Tom,
thanks for all the facts first.
Tom Lane wrote:
>If the shared segment is no longer present according to ipcs,
>and there are no postgres processes still running, then it's
>simply not possible for it to be postgres' fault if memory has
>not been reclaimed. So you're looking at a kernel bug.
>
>
>
Before we switch this item to the linux kernel mailing list, let me add
two results and two more questions.
R1: First of all, I tried the loop from your older OS X problem:
while true
do
psql -c "select count(*) from tenk1" regression
done
Even after running the psql command for more than a million times over
quite a small table with about 10 000 entries, I can NOT see any lost
memory. Thus, we have another problem as the OS X people.

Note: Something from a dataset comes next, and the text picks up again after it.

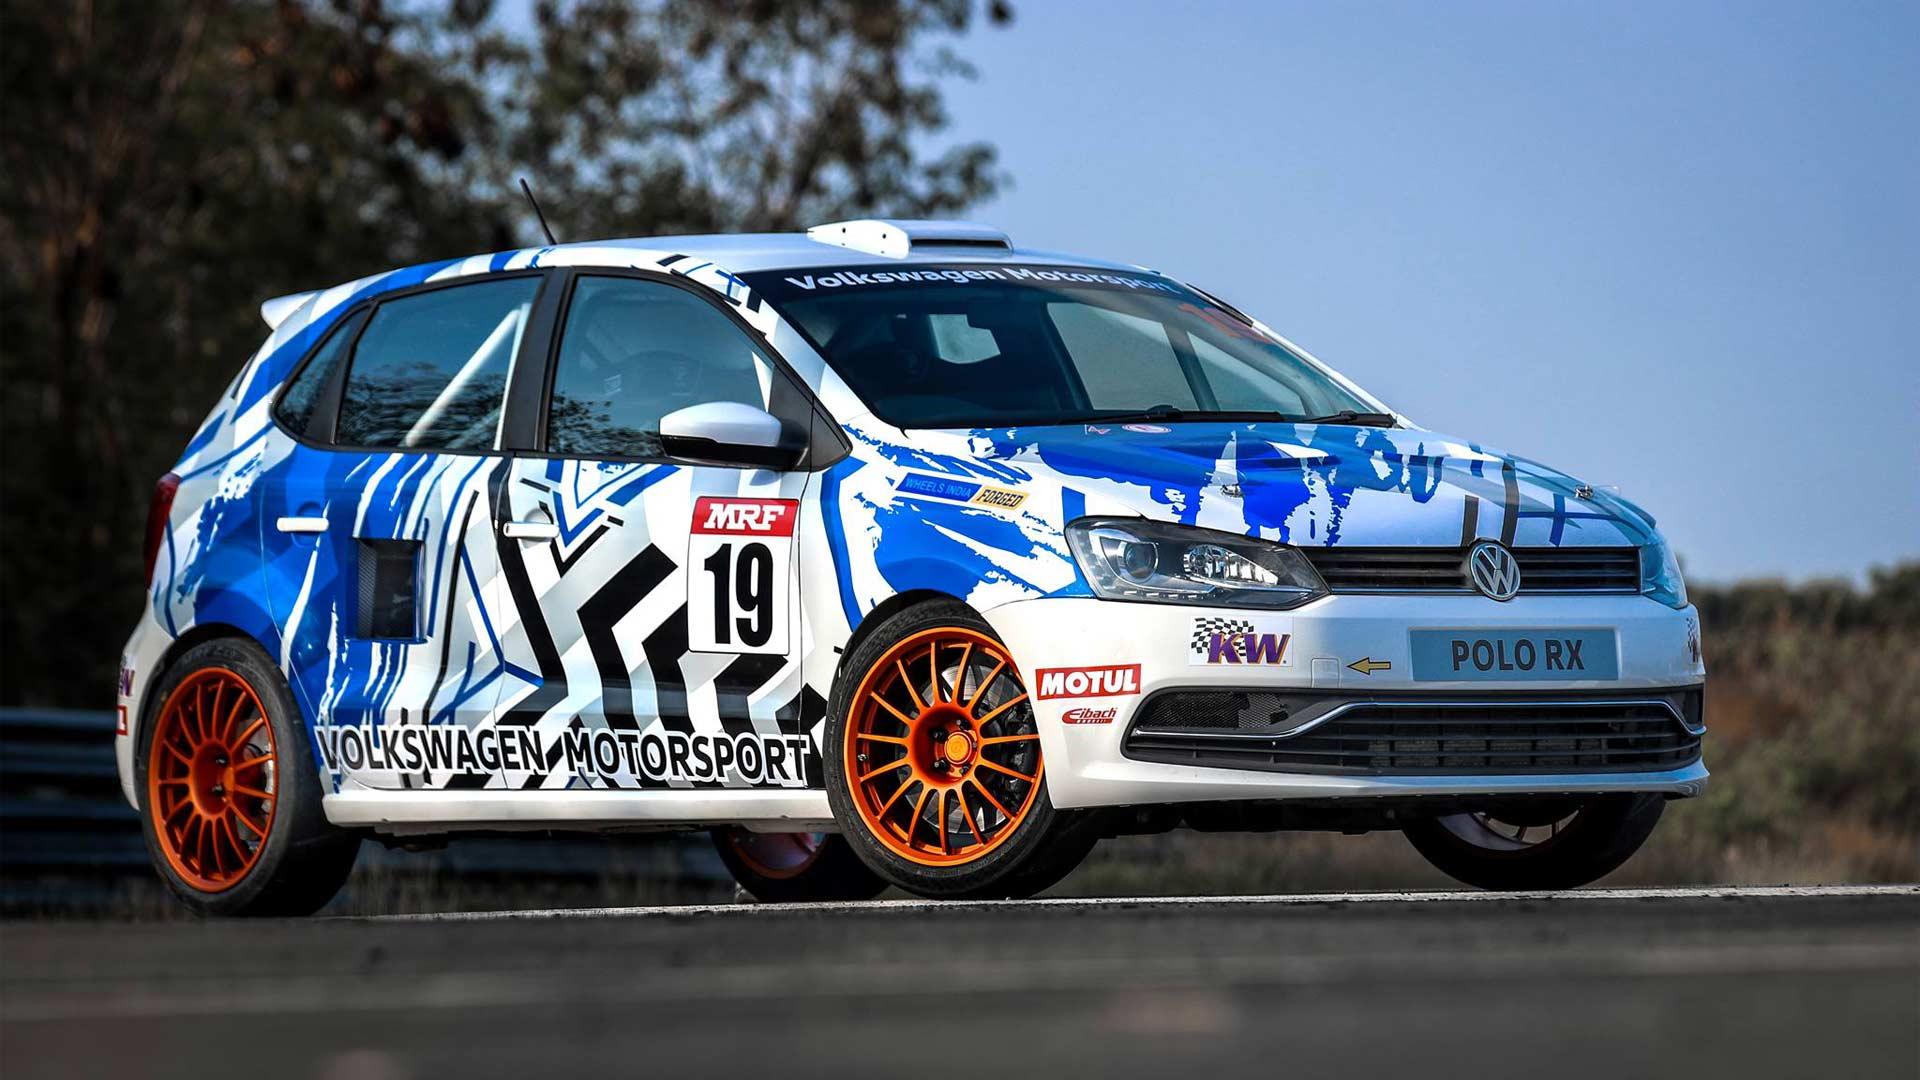 Volkswagen-Motorsport-Polo-RX-2019_2

R2: After having a look at the linux kernel mailing list, it seems that
this problem is not yet known there.
So far, so good.
Q1: The first question is quite easy: Is there any way to tell pg NOT to
use shmem? Although I expect minor performance with that configuration,
I would like to try that out.
Q2: You say that pg allocates one shared memory block which is never
changed in size, and I can see with ipcs that we talk about 10 MBytes on
my machine (which uses the default configuration). Although I usually do
not kill -9 the postmaster, the maximum loss of memory seems to be 10 M
for that reason.
However, my machine looses between 500 M and 800 M in two weeks, and
within that time, I restart pg only very few times, say 3-4 times.
Does pg allocate other shmem blocks? If there is really a kernel memory
problem in shmem, how can I loose so much memory?